BRIEF DESCRIPTION OF THE DRAWINGS
[0013] The embodiments herein will be better understood from the following detailed description with reference to the drawings, in which:
[0014] FIG. 1 illustrates an exemplary view of an integrated braking system of a vehicle according to some embodiments herein;
[0015] FIG. 2 illustrates an exemplary view of a brake cylinder assembly of the integrated braking system of a vehicle of FIG. 1 according to some embodiments herein;
[0016] FIG. 3 illustrates a cross sectional view of the brake cylinder of the integrated braking system of a vehicle of FIG. 1 according to some embodiments herein;
[0017] FIG. 4 illustrates an auto wear adjuster of the integrated braking system of a vehicle of FIG. 1 according to some embodiments herein; and
[0018] FIGS. 5A and 5B are flow diagrams of a method of providing braking to a vehicle using an integrated braking system of FIG. 1 according to some embodiments herein.
DETAILED DESCRIPTION OF PREFERRED EMBODIMENTS
[0019] The embodiments herein and the various features and advantageous details thereof are explained more fully with reference to the non-limiting embodiments that are illustrated in the accompanying drawings and detailed in the following description. Descriptions of well-known components and processing techniques are omitted so as to not unnecessarily obscure the embodiments herein. The examples used herein are intended merely to facilitate an understanding of ways in which the embodiments herein may be practiced and to further enable those of skill in the art to practice the embodiments herein. Accordingly, the examples should not be construed as limiting the scope of the embodiments herein.
[0020] As mentioned, there remains a need for an improved braking system to utilize the brake cylinder for both the service brake and the parking brake. Referring now to the drawings, and more particularly to FIG. 1 through 5B, where similar reference characters denote corresponding features consistently throughout the figures, preferred embodiments are shown.
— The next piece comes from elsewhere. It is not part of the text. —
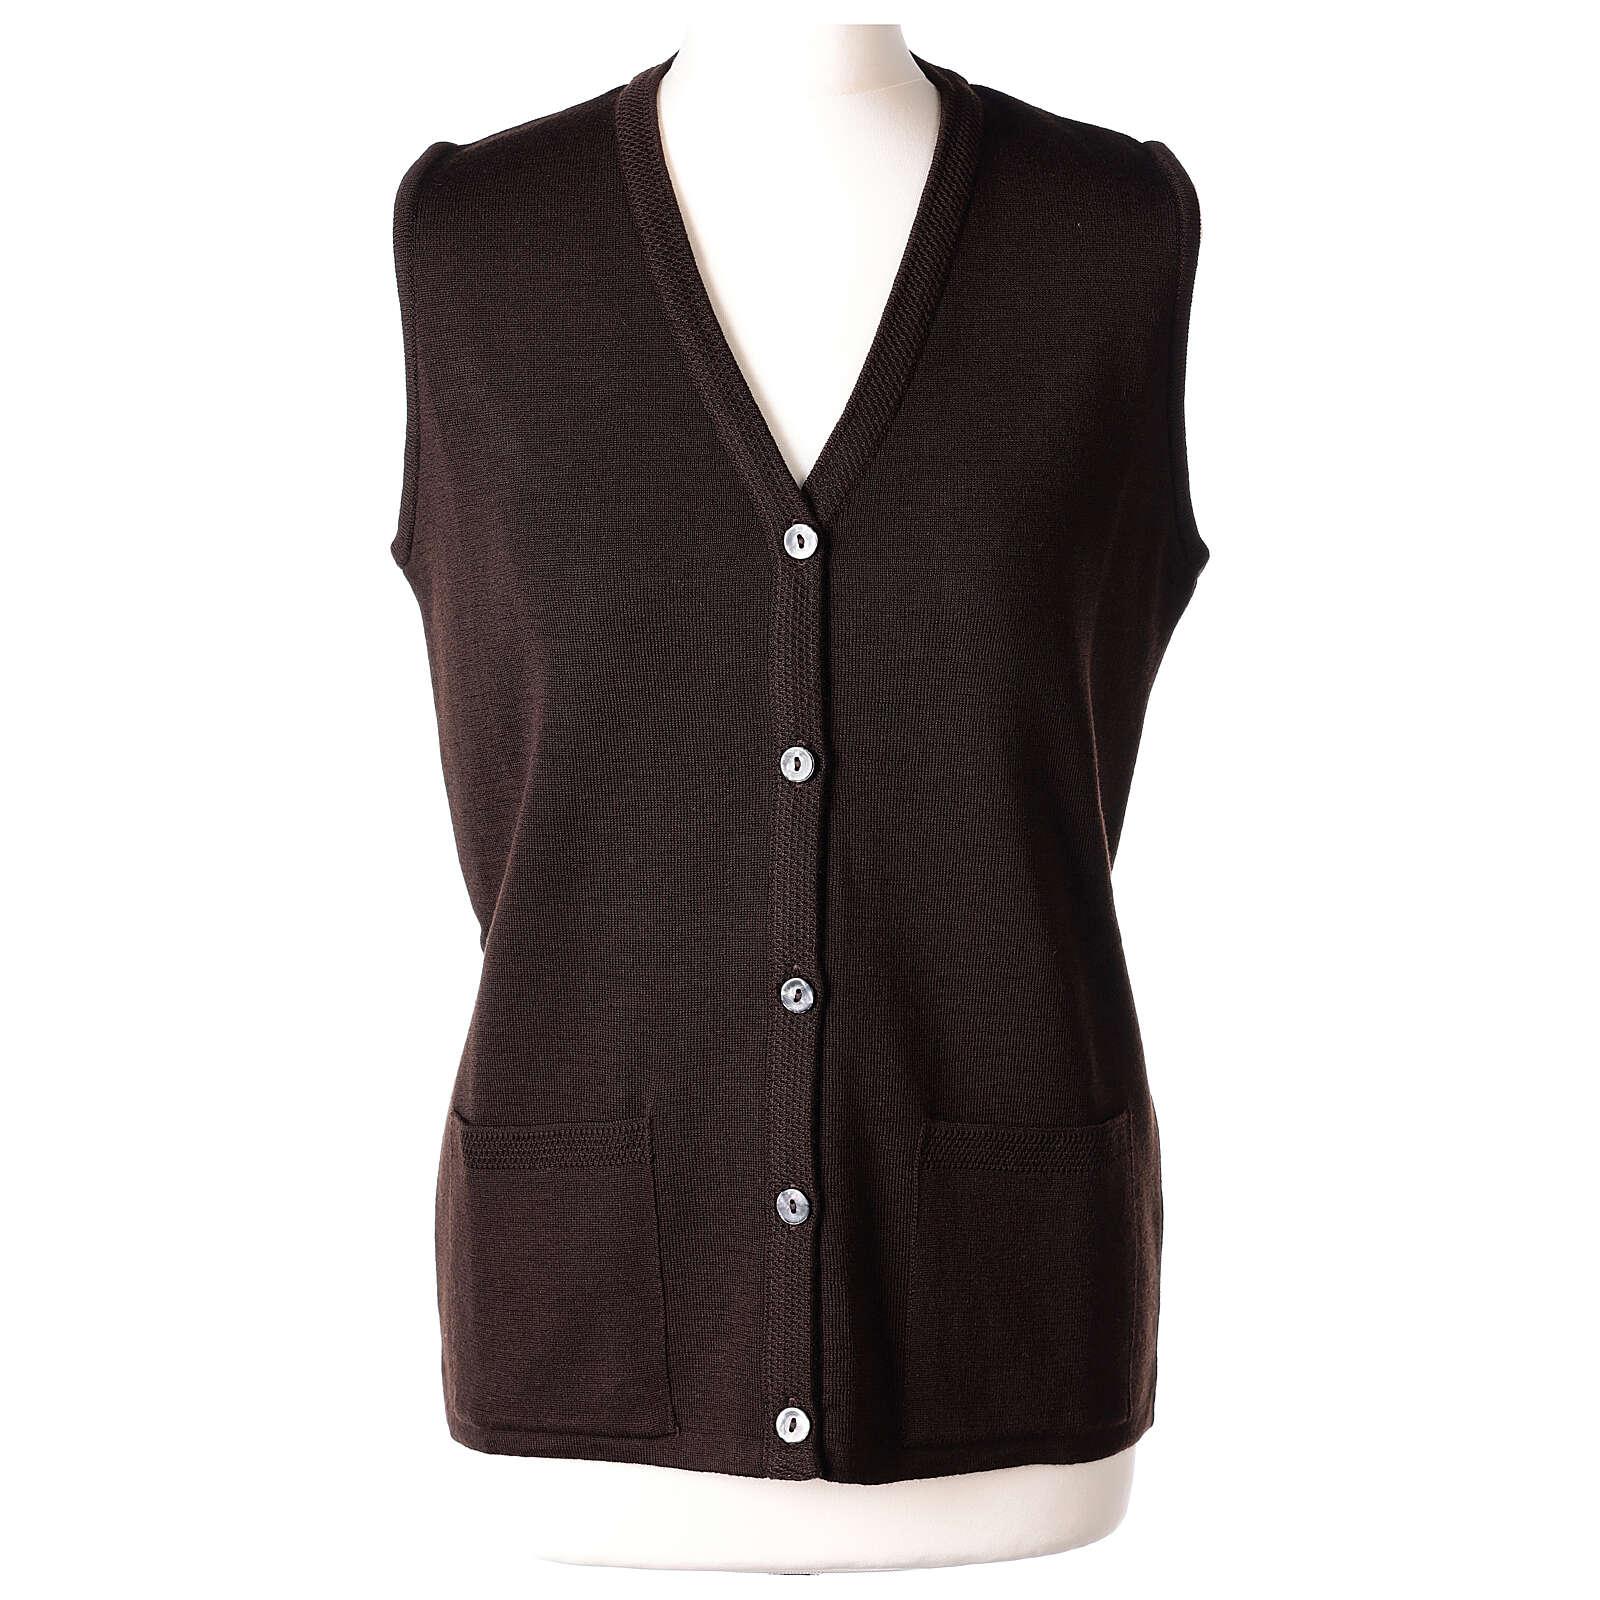 Gilet marron pour soeur avec poches col en V 50% acrylique 50% laine mérinos In Primis 4

[0021] FIG. 1 illustrates an exemplary view of an integrated braking system 100 of a vehicle according to some embodiments herein. The integrated braking system 100 of a vehicle includes a reservoir 102, a plurality of oil ports 104A-N, a master cylinder 106, brake cylinders 108A and 108B, brake pedals 110A and 110B, a brake pedal pivot 112 and a pull rod. In some embodiments, the brake pedals 110A and 110B are coupled to a left-hand side brake cylinder or a right-hand side brake cylinder. In some embodiments, an oil port 104B is compensating another oil port by transferring pressure. The reservoir 102 is connected with the master cylinder 106 and supplies oil to the master cylinder 106 using the plurality of oil ports 104A-N. In some embodiments, the plurality of oil ports 104A-N includes a compensating port 104B and oil outlet port 104N. The master cylinder 106 receives the oil from the reservoir 102 when the integrated braking system 100 enables the braking for the vehicle. The master cylinder 106 pressurizes the received oil when a first input force is applied using a pedal by a user. The first input force is applied by the user using the brake pedals 110A and 110B together or separately based on a requirement to provide braking for the vehicle. The brake pedal 110A and 110B are connected with the master cylinder 106 using a linkage to transfer the first input force to the master cylinder 106. The pull rod is connected with the brake cylinders 108A and 108B and a parking brake hand lever to obtain a second input force applied by the user to provide braking for the vehicle. In some embodiments, the brake cylinders 108A and 108B includes one or more components such as a brake piston, seals, a friction disc with an internal spline, steel discs, a brake shaft, an actuator, balls, a bleed adapter, an inlet adapter, a bolt, a lever and an auto wear adjuster. In some embodiments, a brake pack includes the brake cylinders 108A and 108B. In some embodiments, the brake cylinders 108A and 108B include a housing to accommodate the one or more components. The brake piston is connected with the master cylinder 106 and the actuator to provide the braking for the vehicle using the first input force or the second input force. The friction disc is coupled with the brake shaft to restrict a wheel shaft rotation. In some embodiments, the brake shaft is coupled with the wheel shaft to provide braking for the vehicle.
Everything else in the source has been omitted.